Se aprovado o texto, haverá cobrança gradual de contribuições previdenciárias do agronegócio exportador, e cobrança no Simples, destinada a incentivar as micro e pequenas empresas a investirem em prevenção de acidentes de trabalho e proteção do trabalhador contra exposição a agentes nocivos à sua saúde. A expectativa é de impacto da ordem de R$ 60 bilhões e R$ 35 bilhões, respectivamente.

“Não temos clareza sobre porque faculdades destinadas à elite da elite; hospitais que pagam salários de seis dígitos; ou bem-sucedidos produtores rurais não devem pagar o INSS de seus funcionários.
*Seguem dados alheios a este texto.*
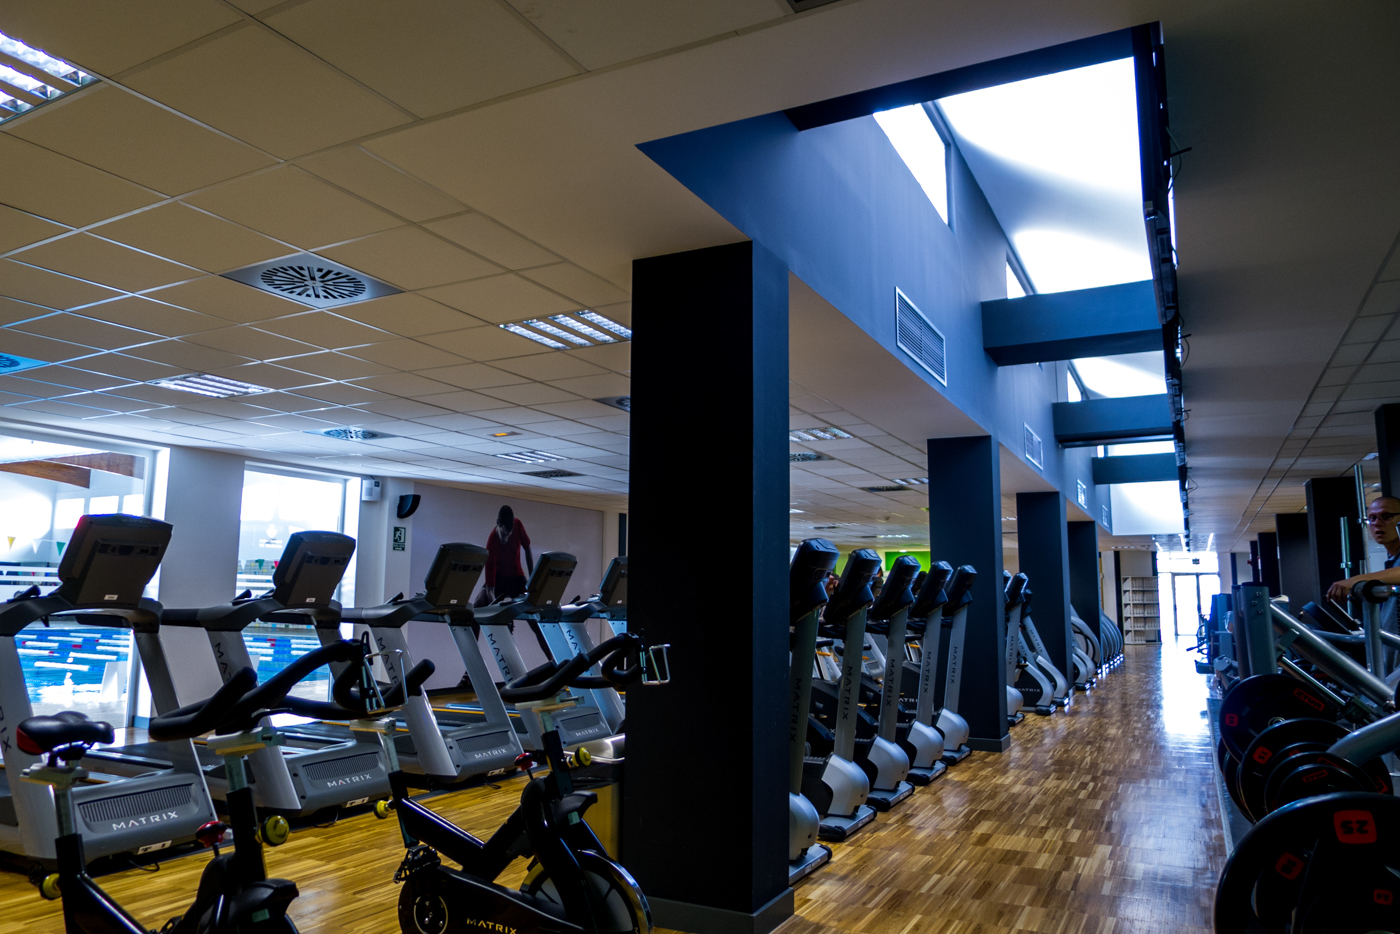 valencia rambleta fitness 2 estudio de arquitectura madrid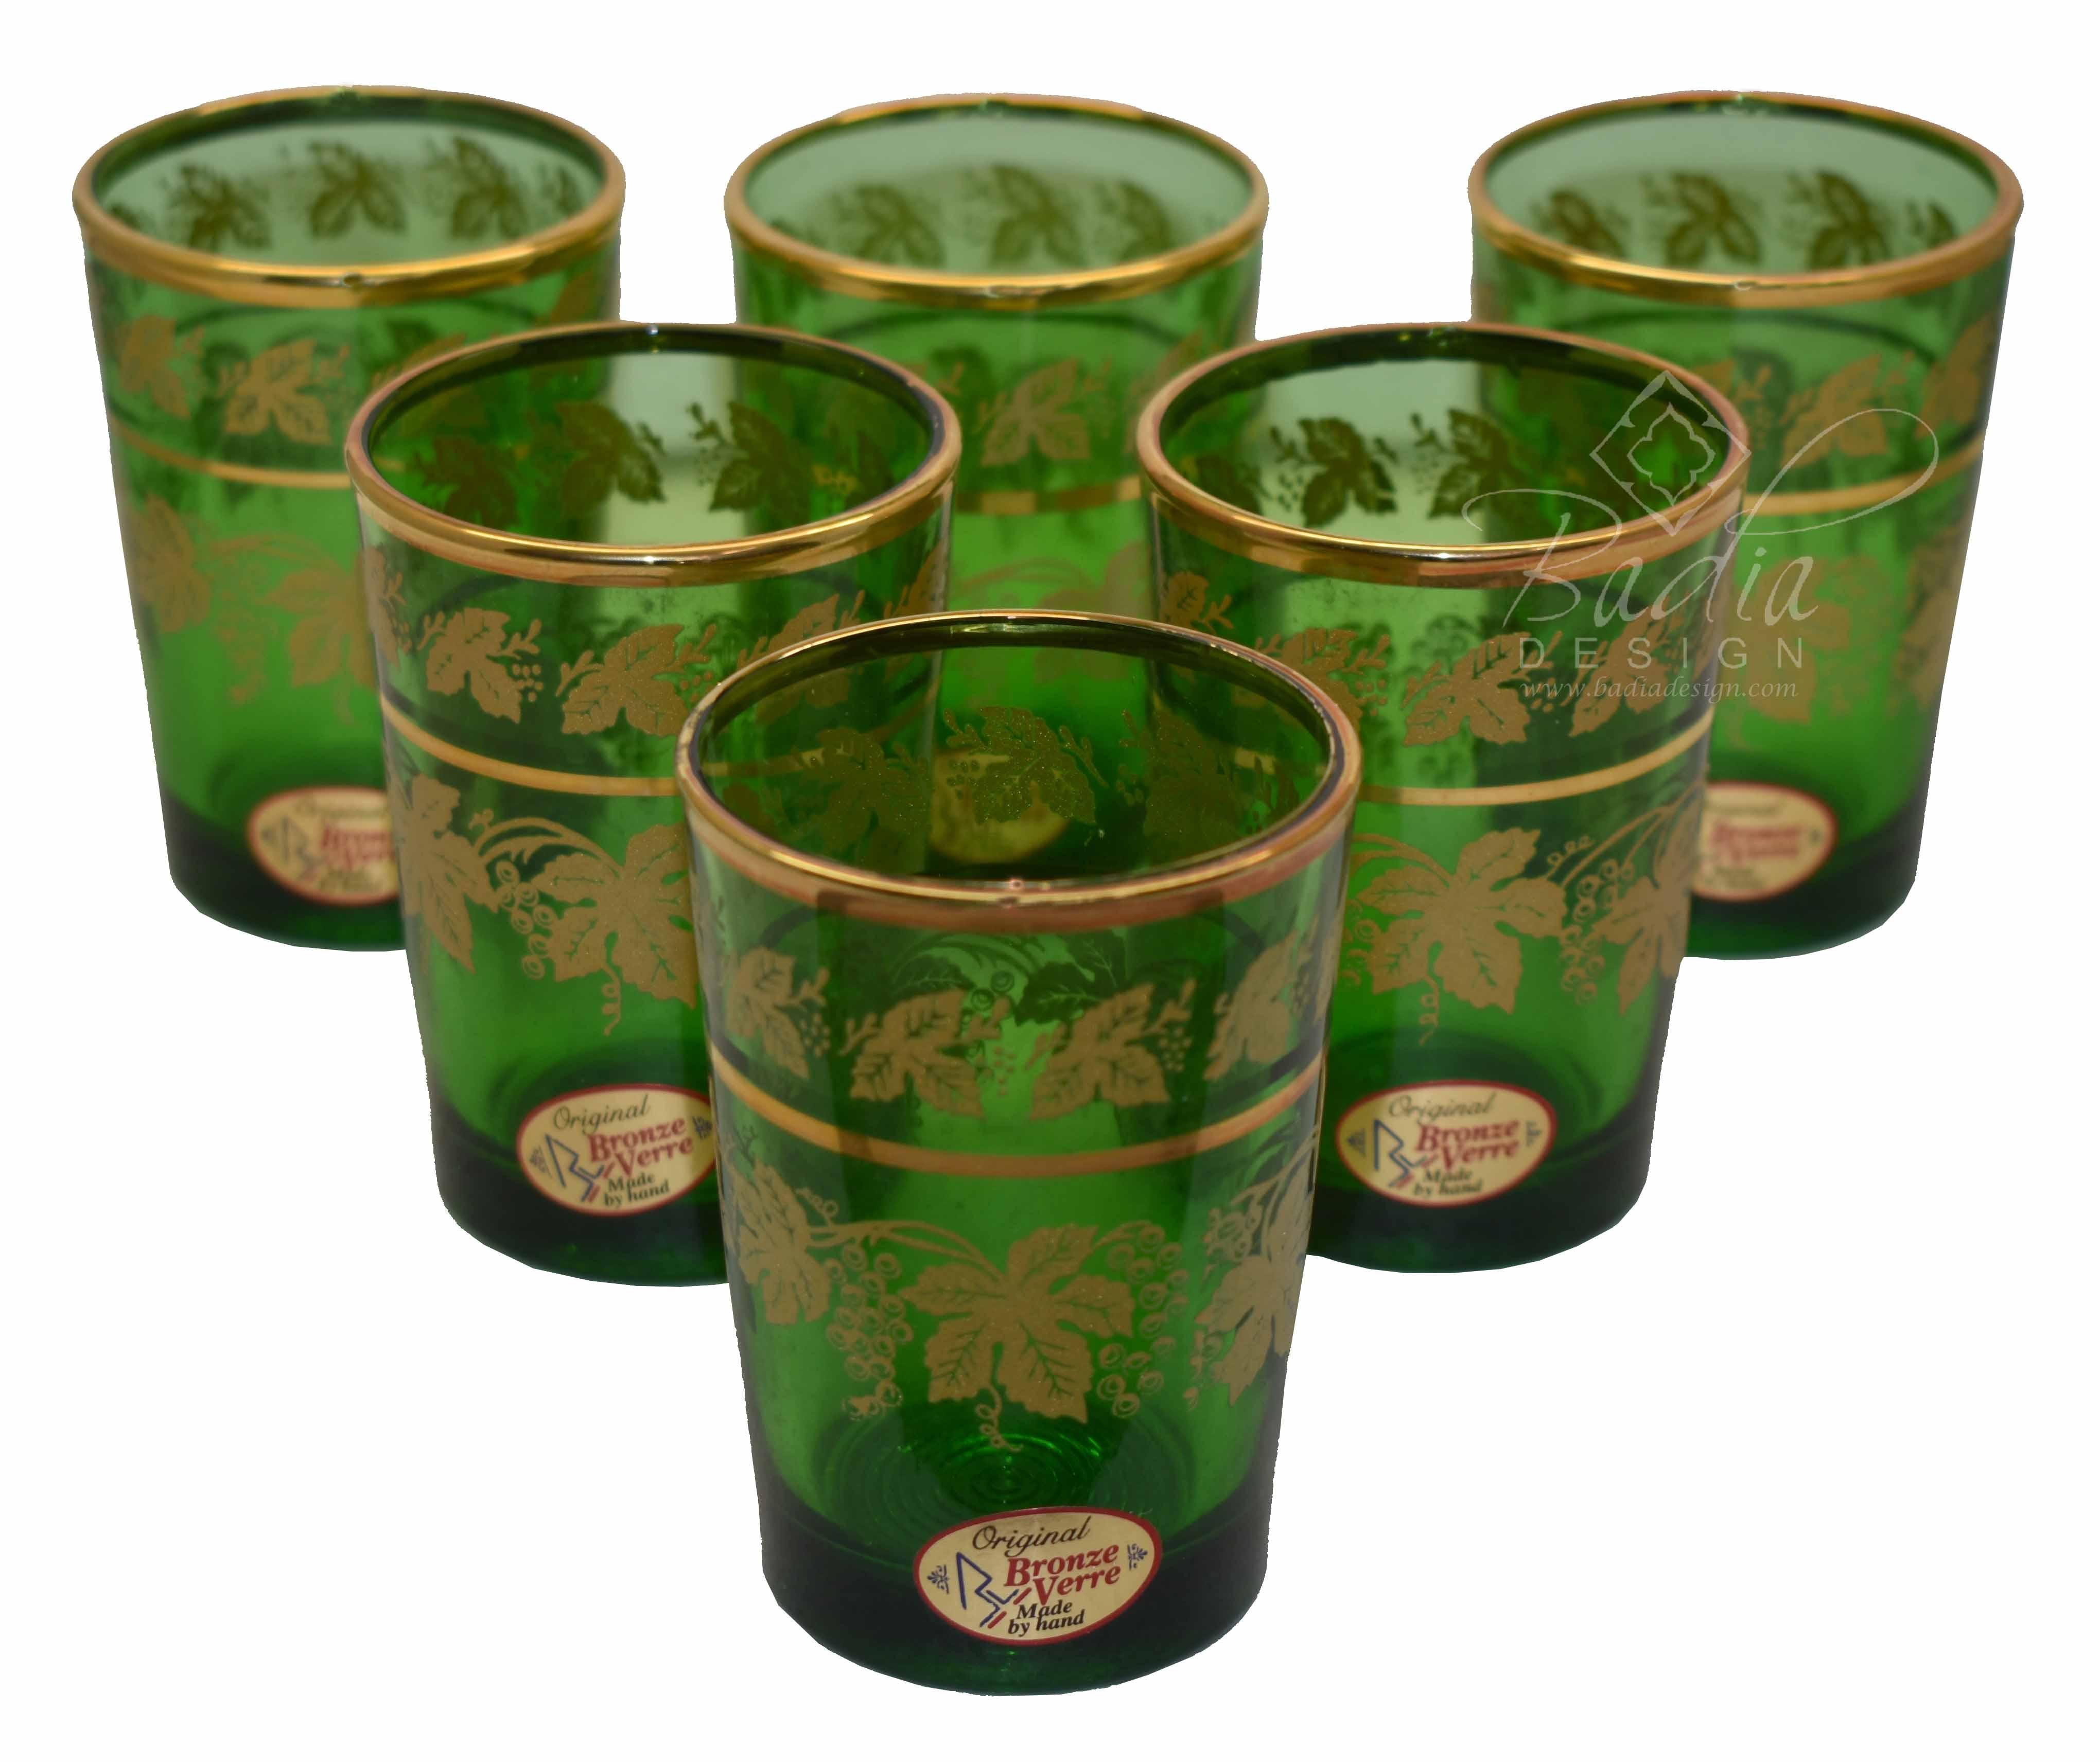 green-moroccan-tea-glasses-with-gold-motif-design-tg023.jpg

A lógica aqui é simples: se eles não estão pagando, alguém está.”

Haverá transição, para que as cobranças se estabeleçam de forma gradual e progressiva, ao longo de cinco anos. Essas alterações representarão um impacto de mais de R$ 155 bilhões em dez anos aos cofres da seguridade social.

Acordo

A decisão pela leitura nesta quarta-feira só foi possível após um acordo entre os líderes partidários, pois o regimento da Casa prevê um prazo mínimo de 48 horas após a apresentação do relatório, que ocorreu na terça-feira, 27.

A votação do relatório está prevista para ocorrer no dia 4 de setembro.